(DATASET CONTENT begins)

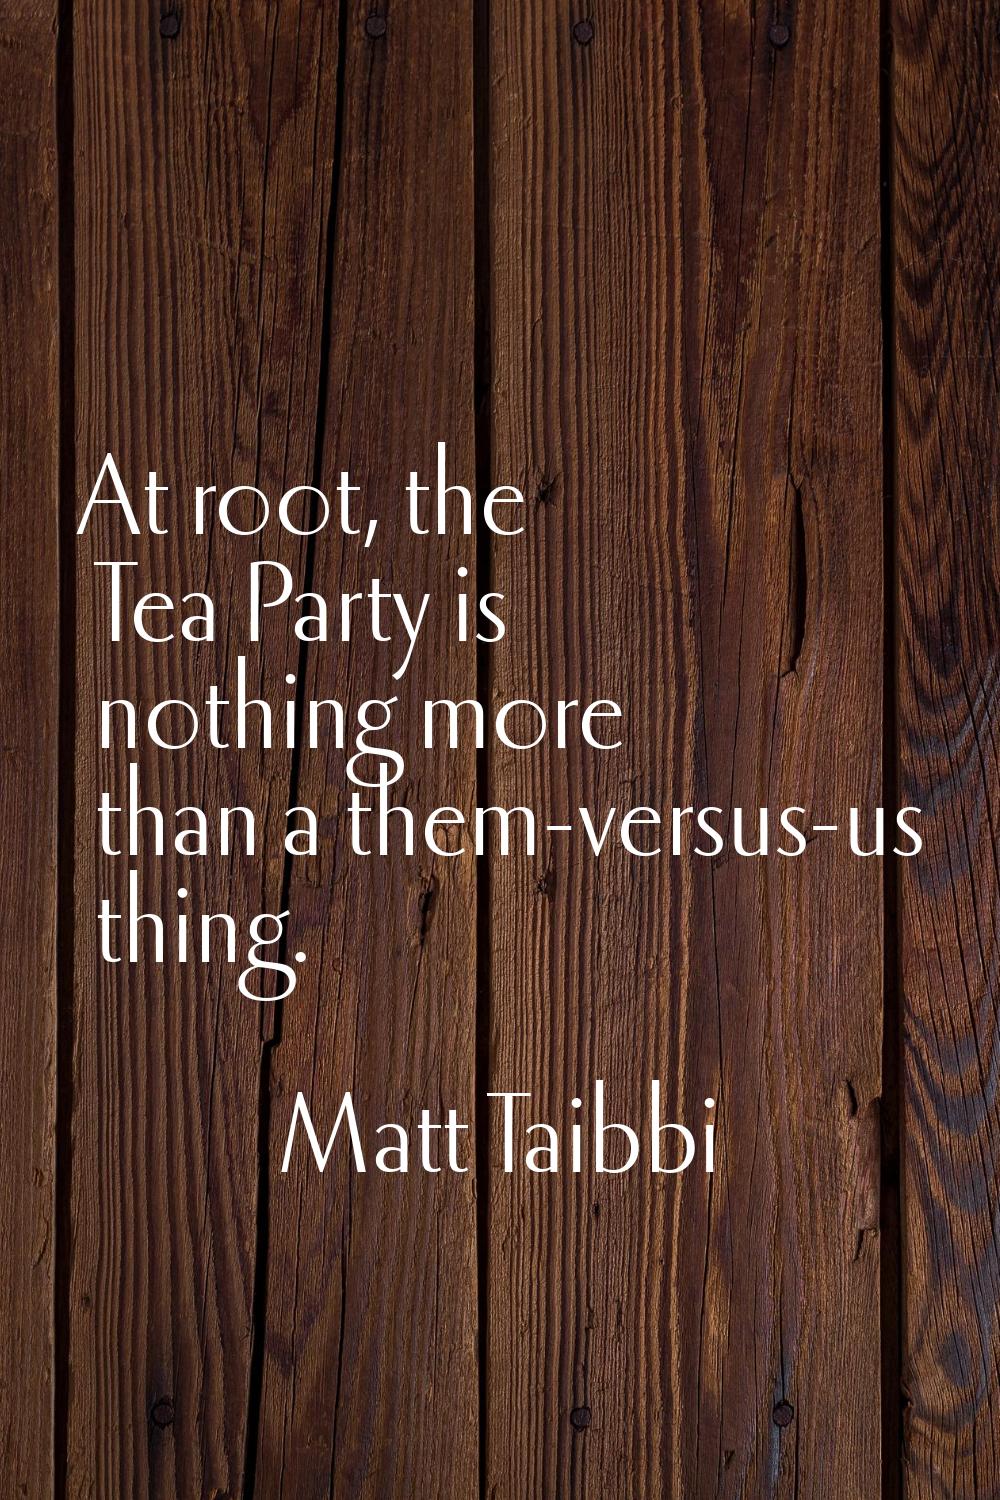 At root, the Tea Party is nothing more than a them-versus-us thing.
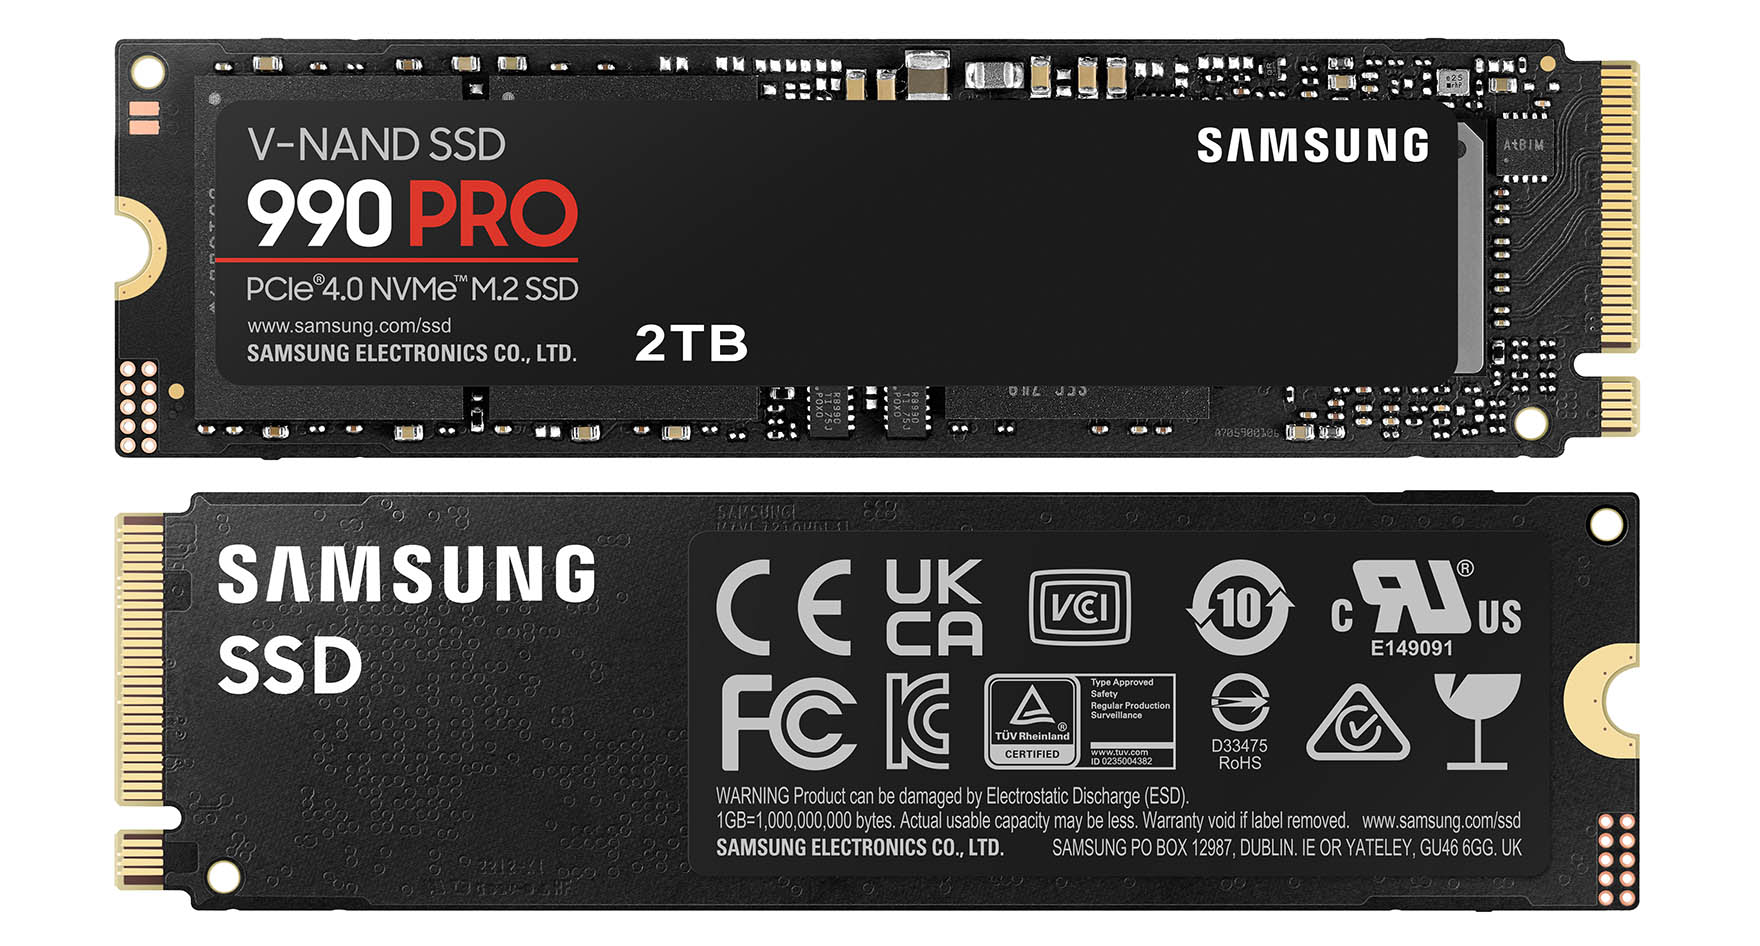 Disque SSD 1 To Gen.4 NVMe Samsung M.2 990 PRO MZ-V9P1T0BW
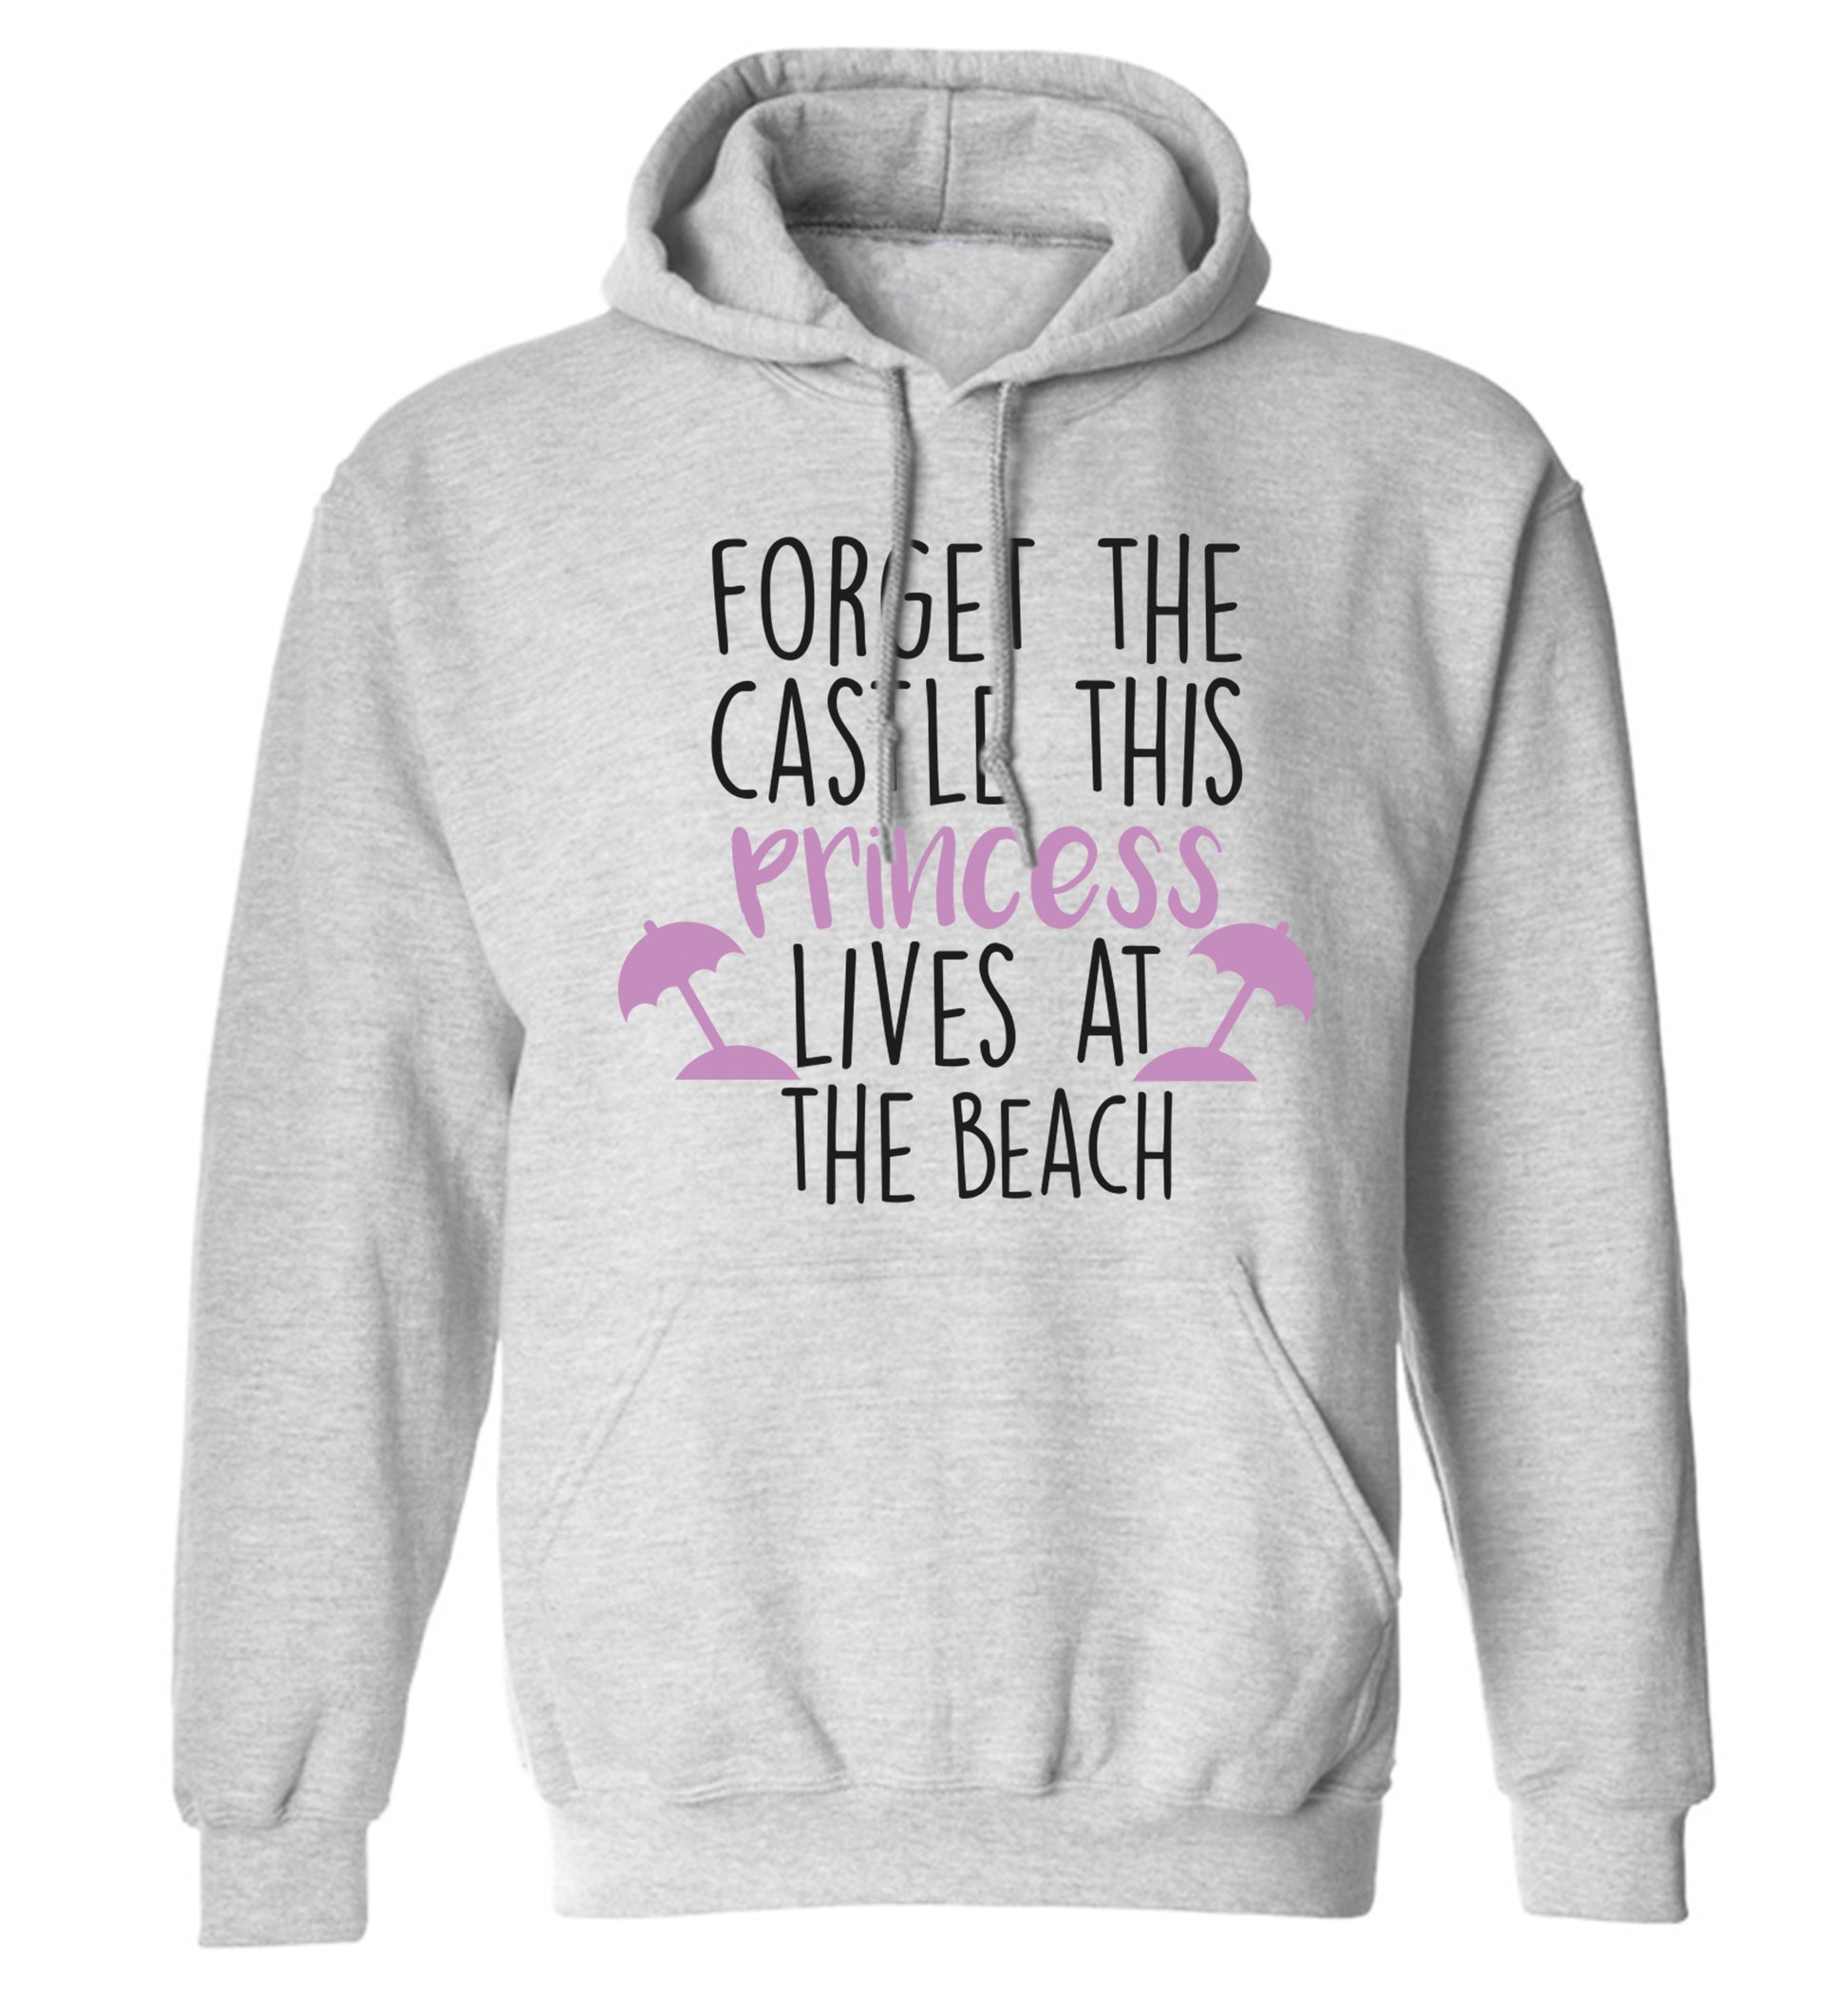 Forget the castle this princess lives at the beach adults unisex grey hoodie 2XL

(DATASET CONTENT ends)

ABOUT THIS EXERCISE ▸
Send back the listing exactly as it stands. Do not include the pictures.

WRITTEN RESPONSE ▸
 At root, the Tea Party is nothing more than a them-versus-us thing.
 Disque SSD 1 To Gen.4 NVMe Samsung M.2 990 PRO MZ-V9P1T0BW
 Forget the castle this princess lives at the beach adults unisex grey hoodie 2XL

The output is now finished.